Recorded data:

+--

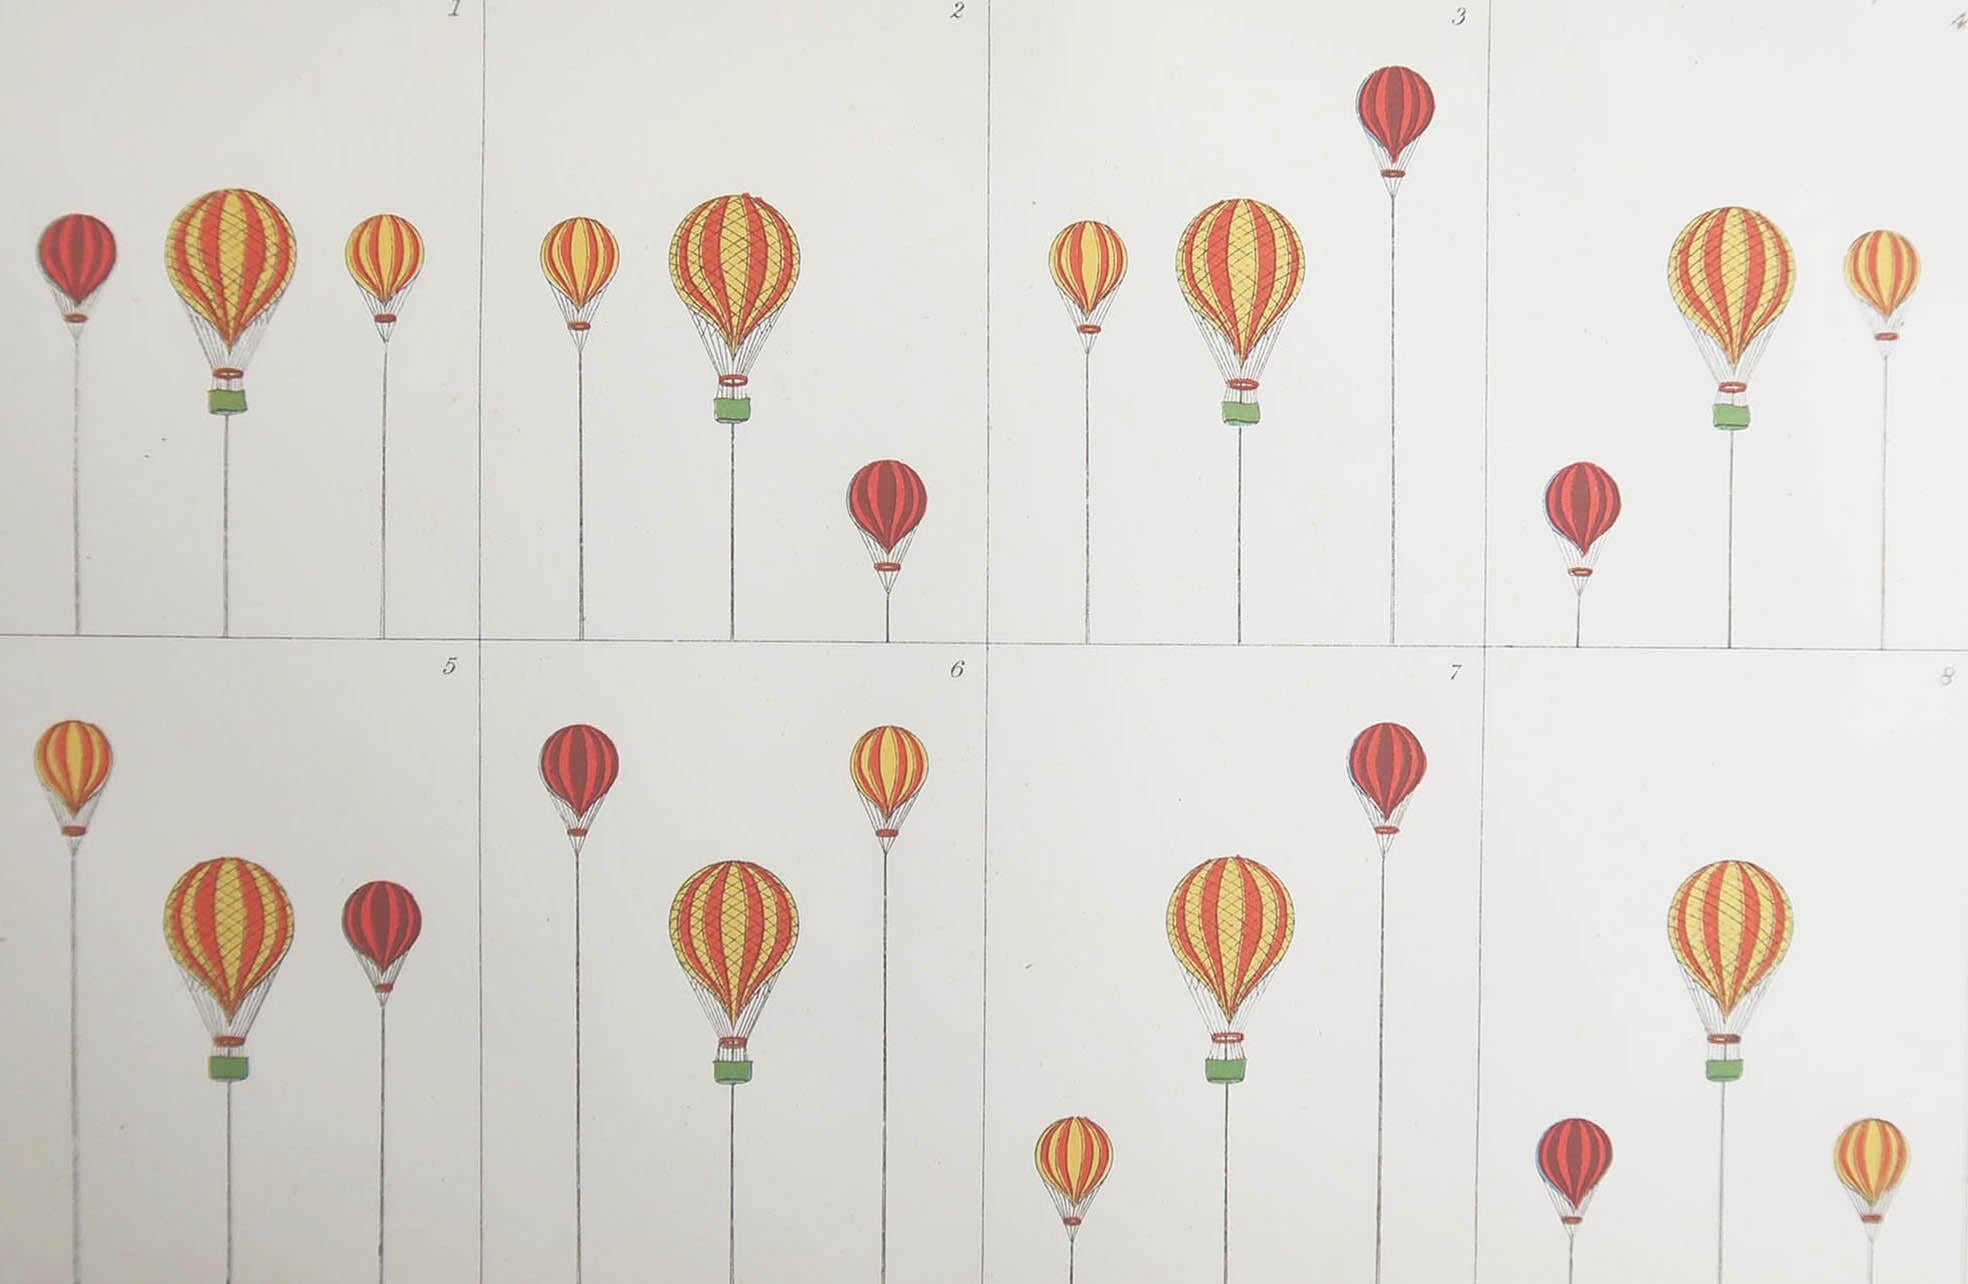 Merveilleuse impression de montgolfières

Chromo-lithographie

Publié par W.Mackenzie. C.1880

Couleur originale

Non encadré.

Livraison gratuite.

+--

> Task details
Without the pictures, repeat every record above exactly as written.

> Finished exercise
 Merveilleuse impression de montgolfières

Chromo-lithographie

Publié par W.Mackenzie. C.1880

Couleur originale

Non encadré.

Livraison gratuite.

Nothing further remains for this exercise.